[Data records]
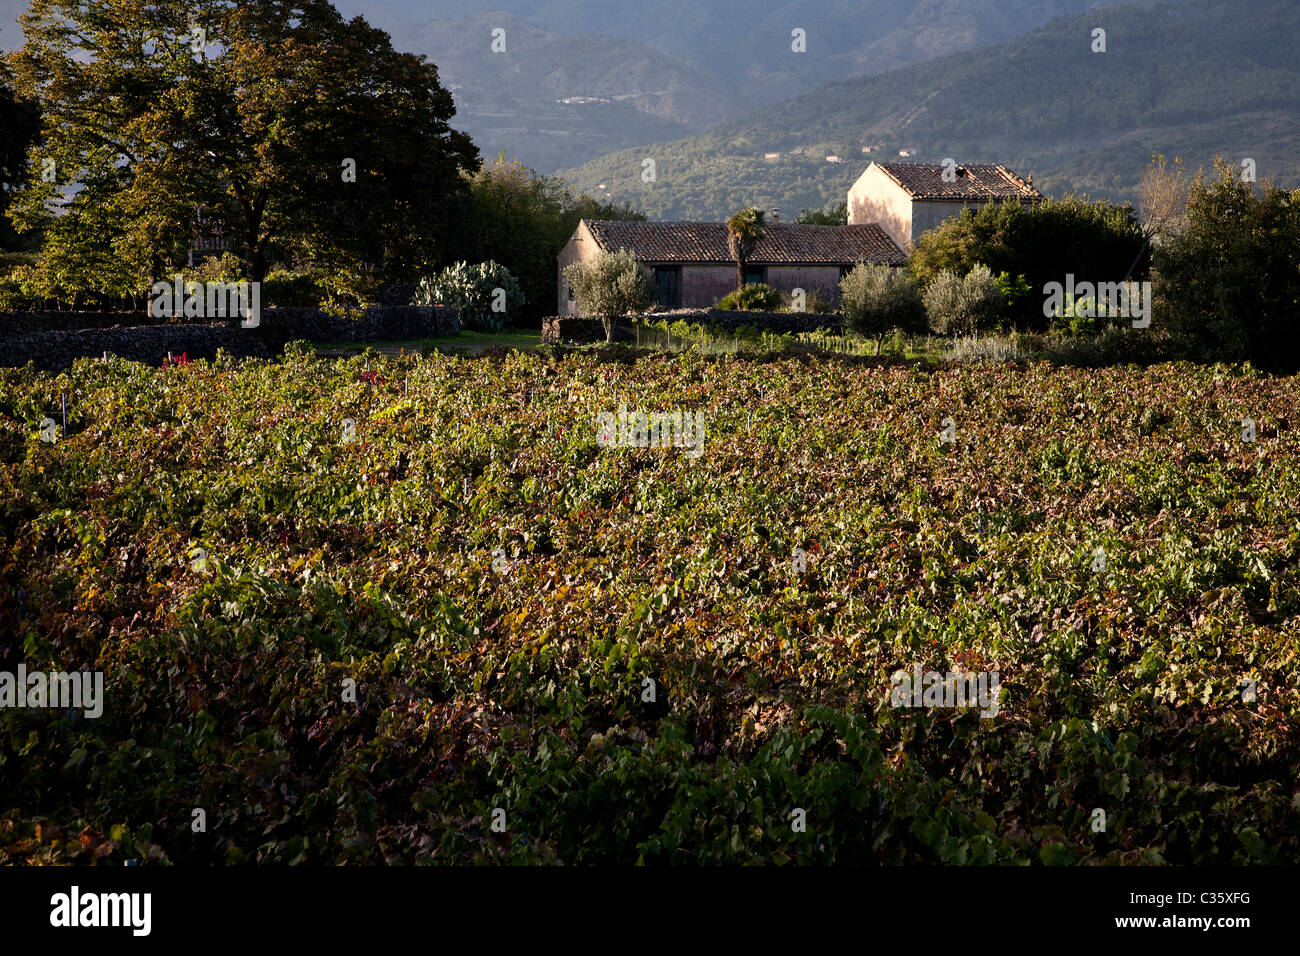 Vineyards, Castiglione di Sicilia, Sicily, Italy Stock Photo
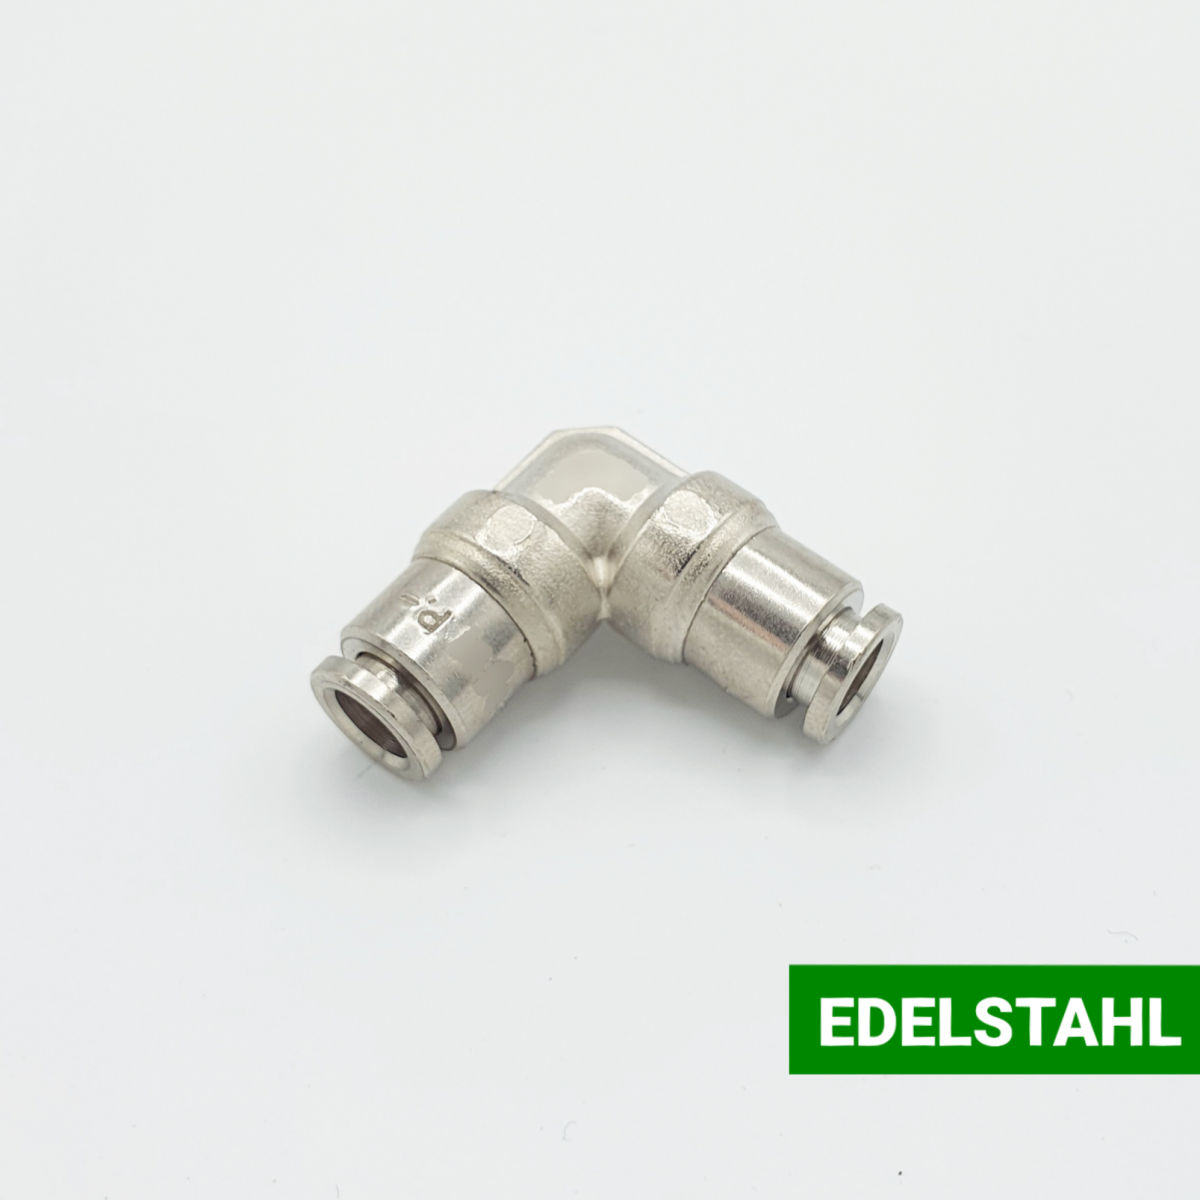 Edelstahl-Schnellsteckverbindung / Winkel | Beta Online Shop
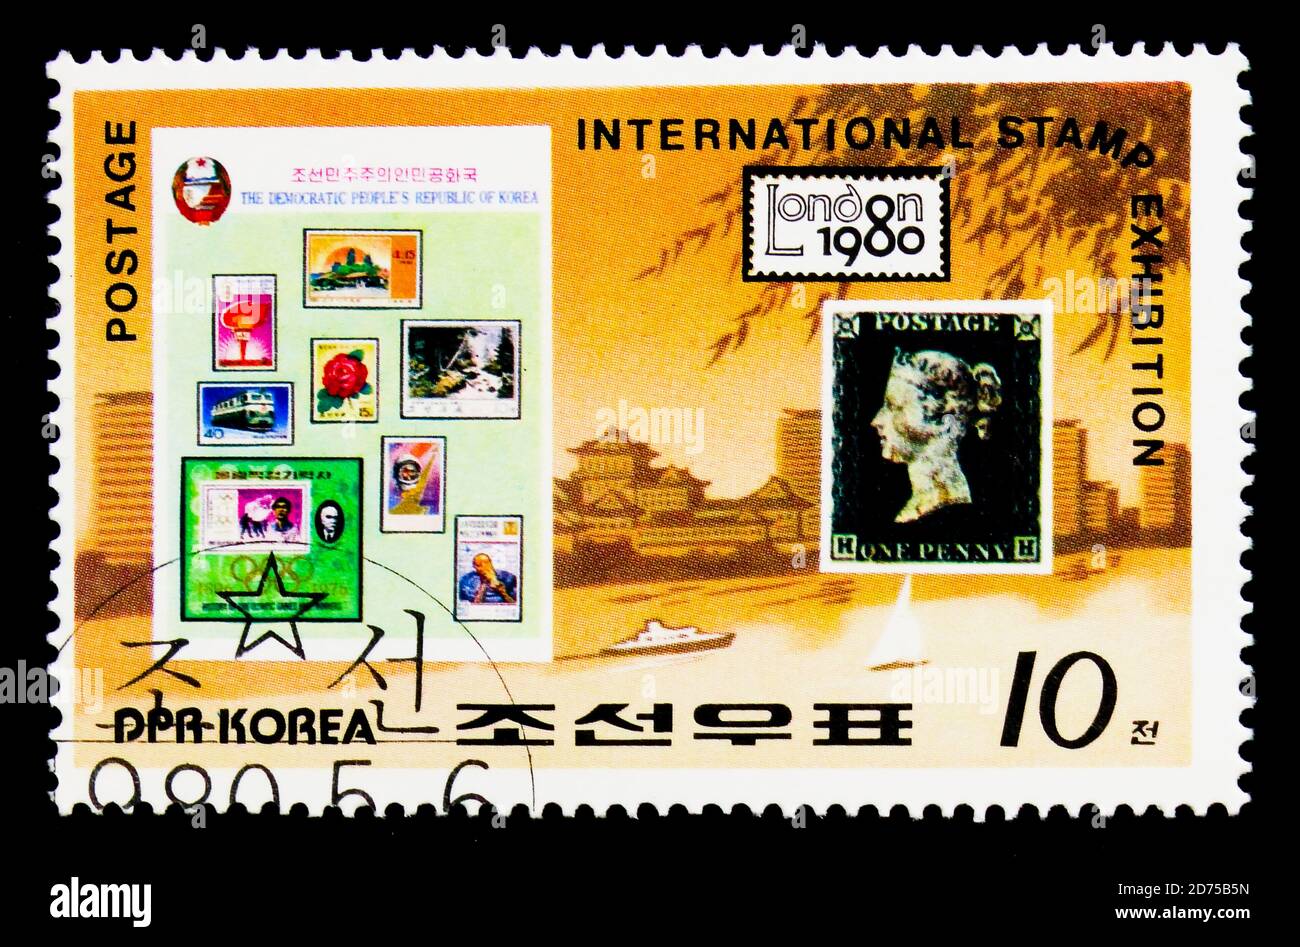 MOSCOU, RUSSIE - 25 NOVEMBRE 2017 : un timbre imprimé en république populaire démocratique de Corée montre la Grande-Bretagne 1 et les timbres coréens, International St Banque D'Images
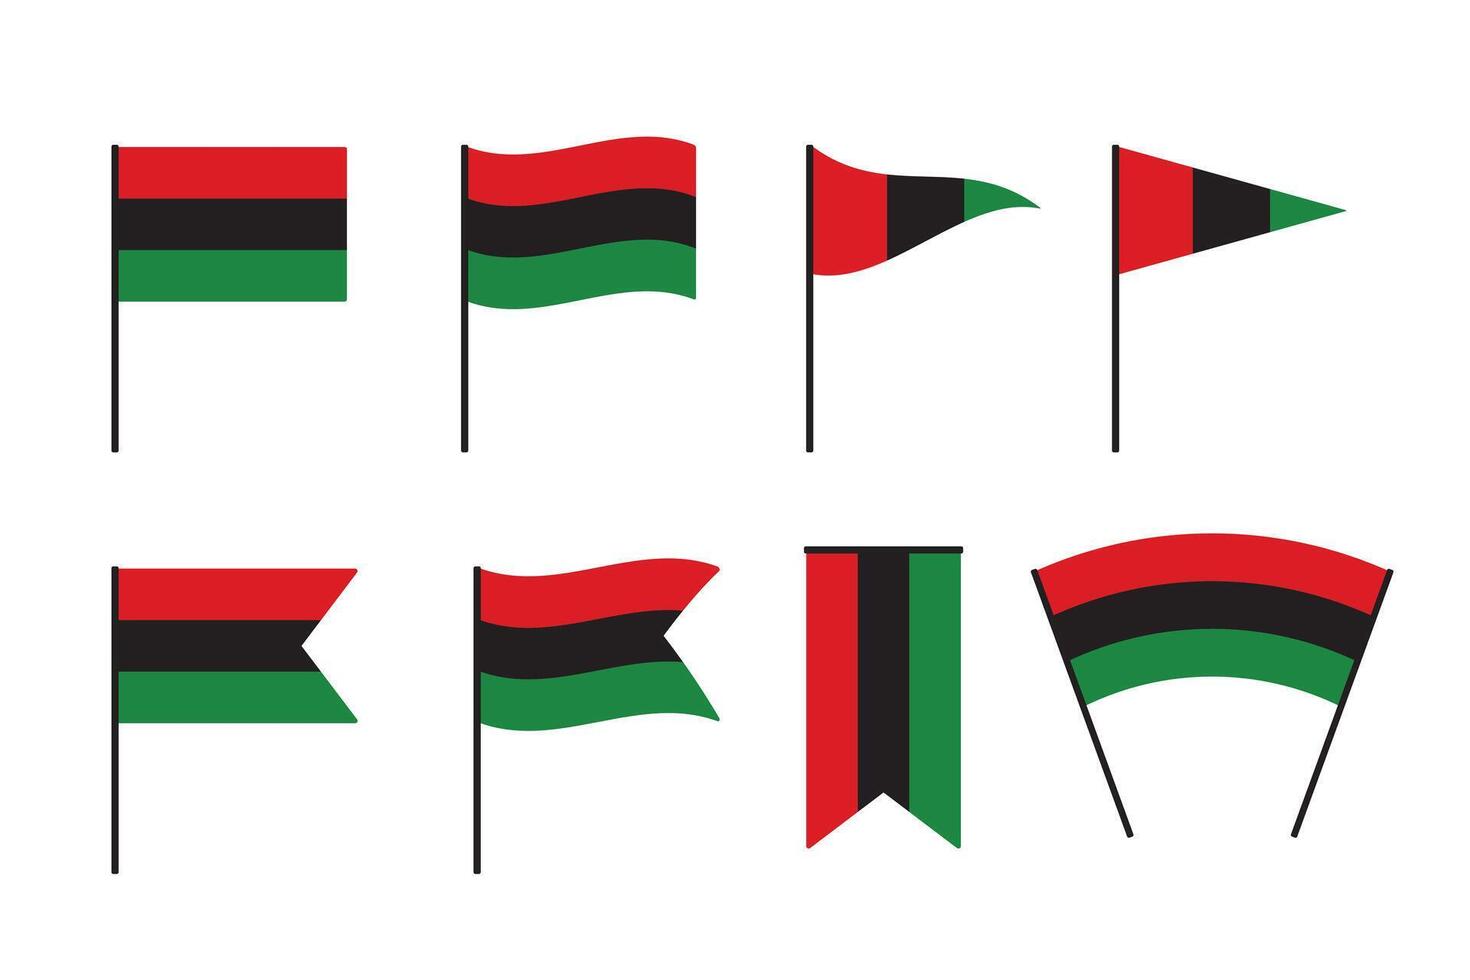 rouge, noir et vert coloré panafricain drapeau. pour juneteenth et noir histoire mois. plat vecteur illustration.
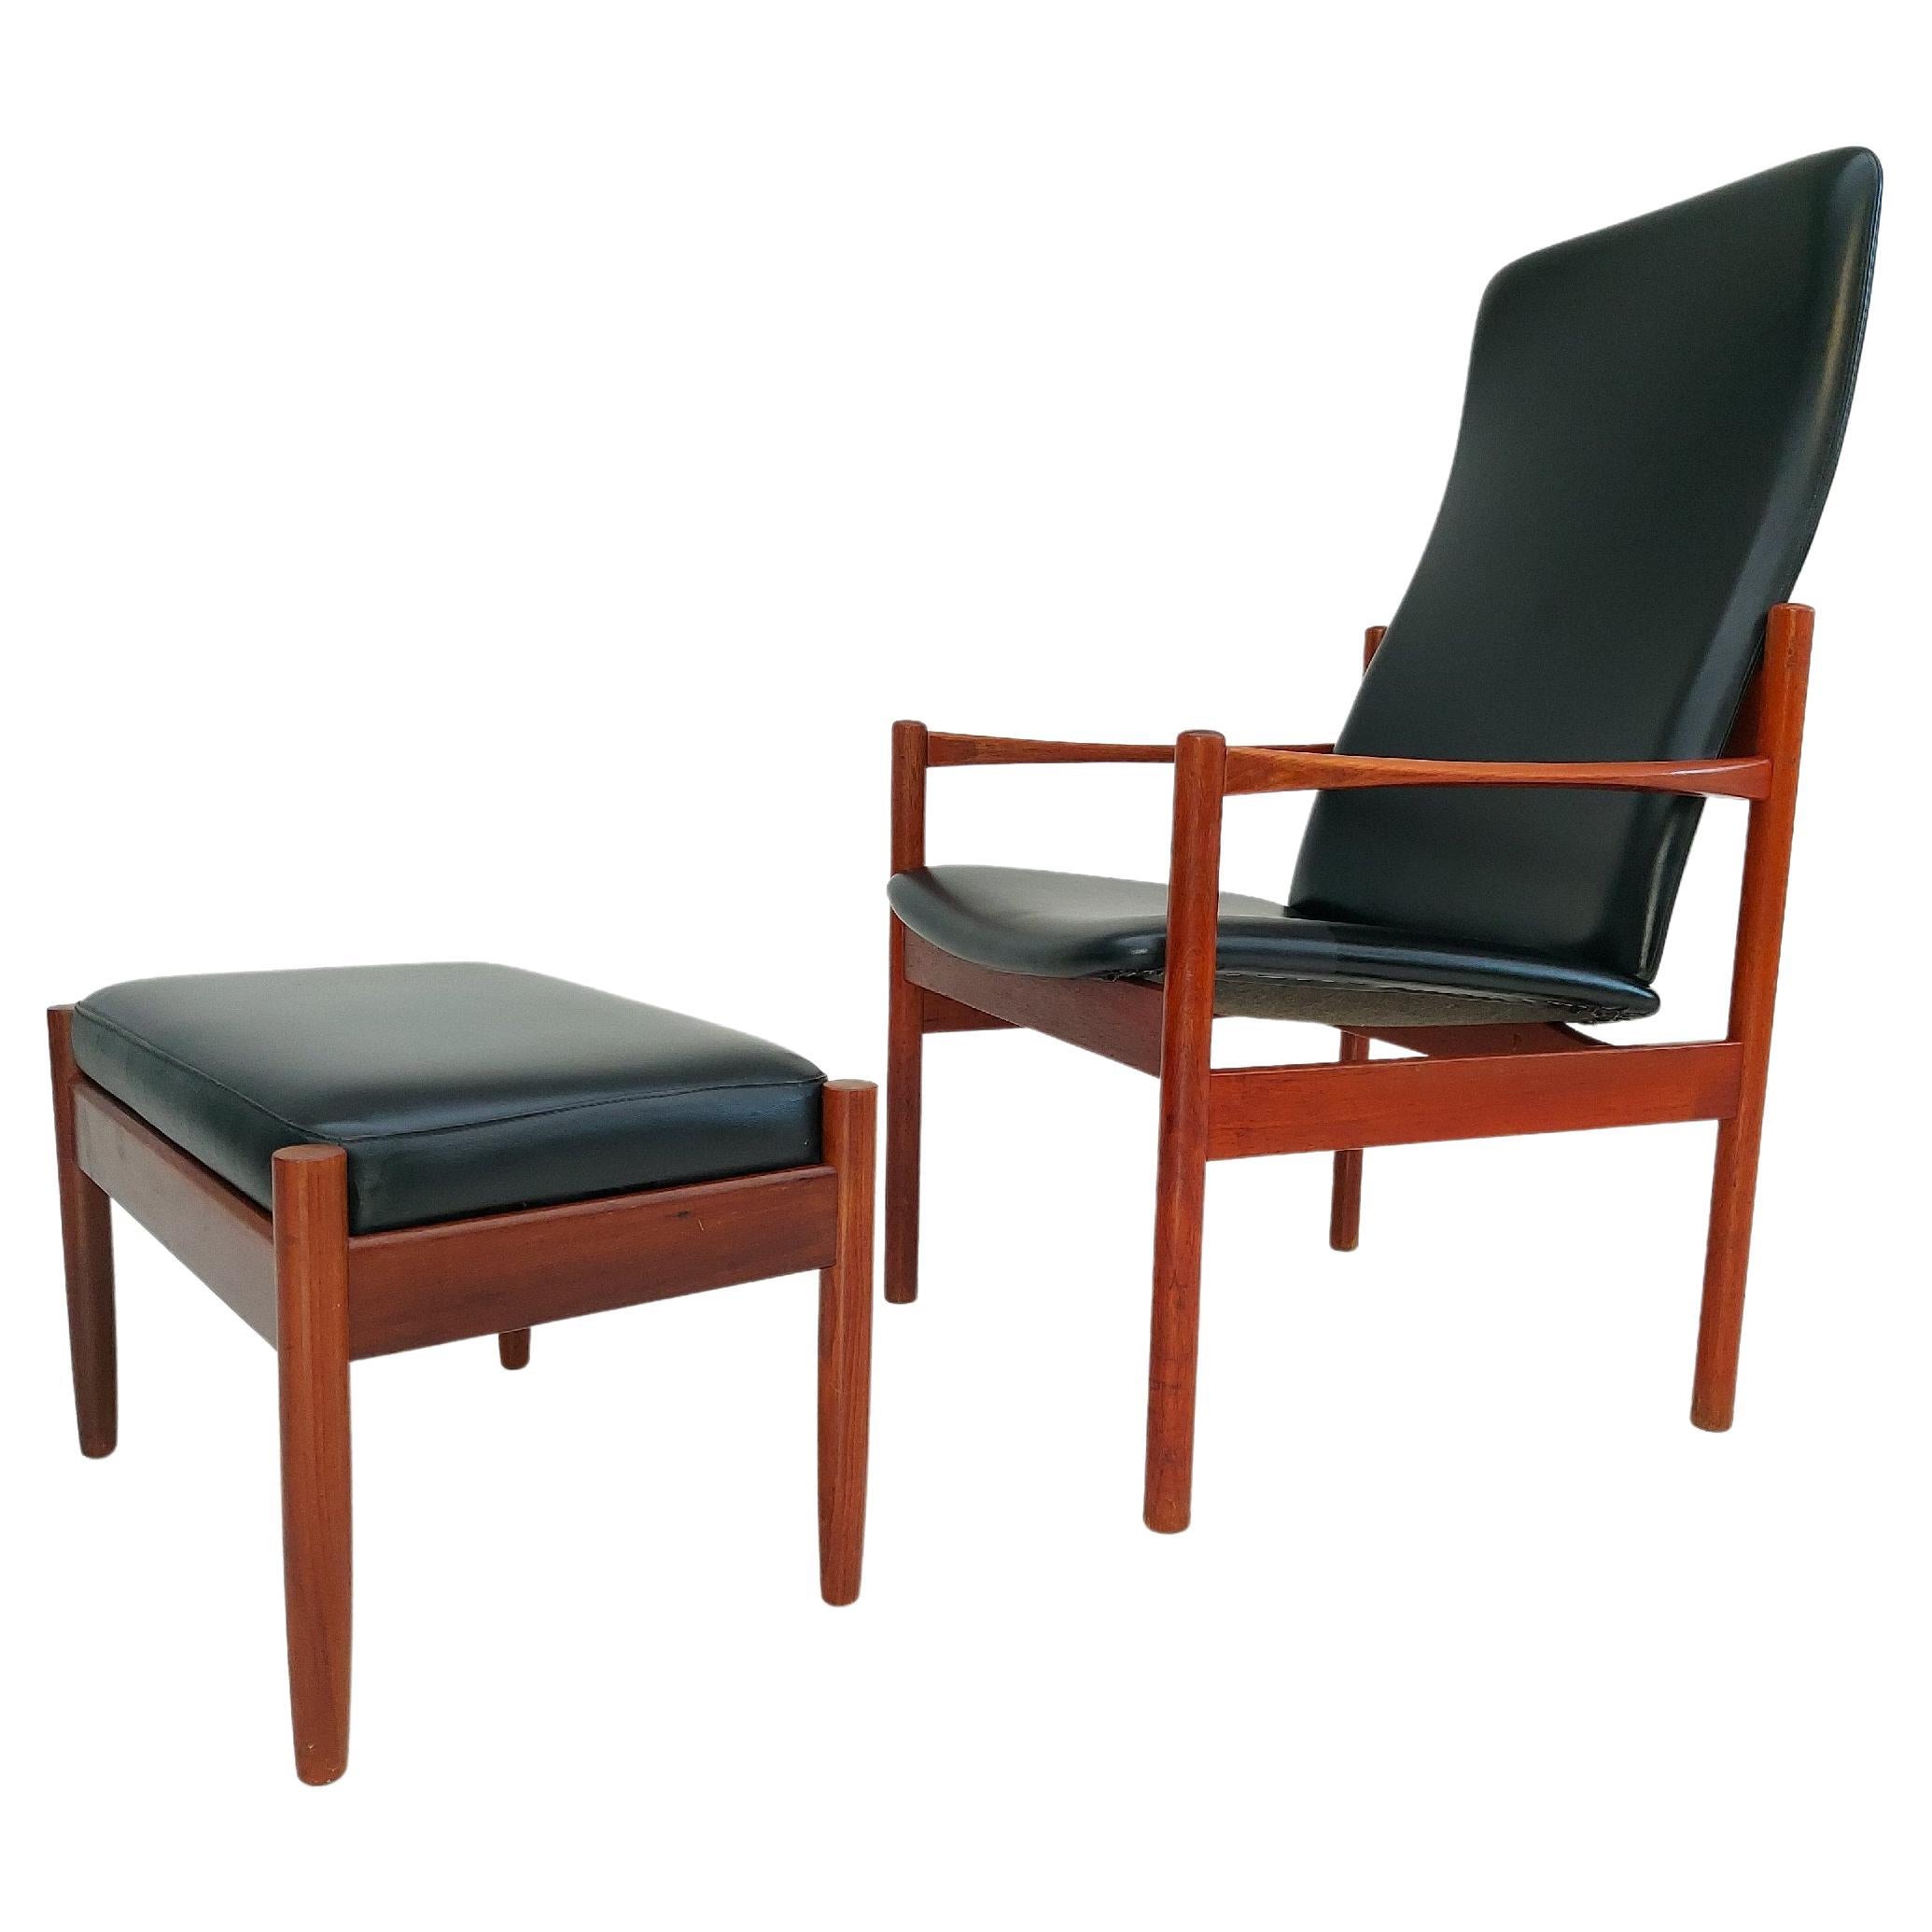 Dänischer Sessel mit Hocker aus Teakholz, Original, sehr guter Zustand, 60er Jahre

Task description: Exactly the lines from the one containing "Edelstahl-Schnellsteckverbindung / Winkel" through the end of the data above: repeat those, both ends included, and nothing else. Skip the pictures.

Exercise output:
 Edelstahl-Schnellsteckverbindung / Winkel | Beta Online Shop
 MOSCOU, RUSSIE - 25 NOVEMBRE 2017 : un timbre imprimé en république populaire démocratique de Corée montre la Grande-Bretagne 1 et les timbres coréens, International St Banque D'Images
 rouge, noir et vert coloré panafricain drapeau. pour juneteenth et noir histoire mois. plat vecteur illustration.
 Dänischer Sessel mit Hocker aus Teakholz, Original, sehr guter Zustand, 60er Jahre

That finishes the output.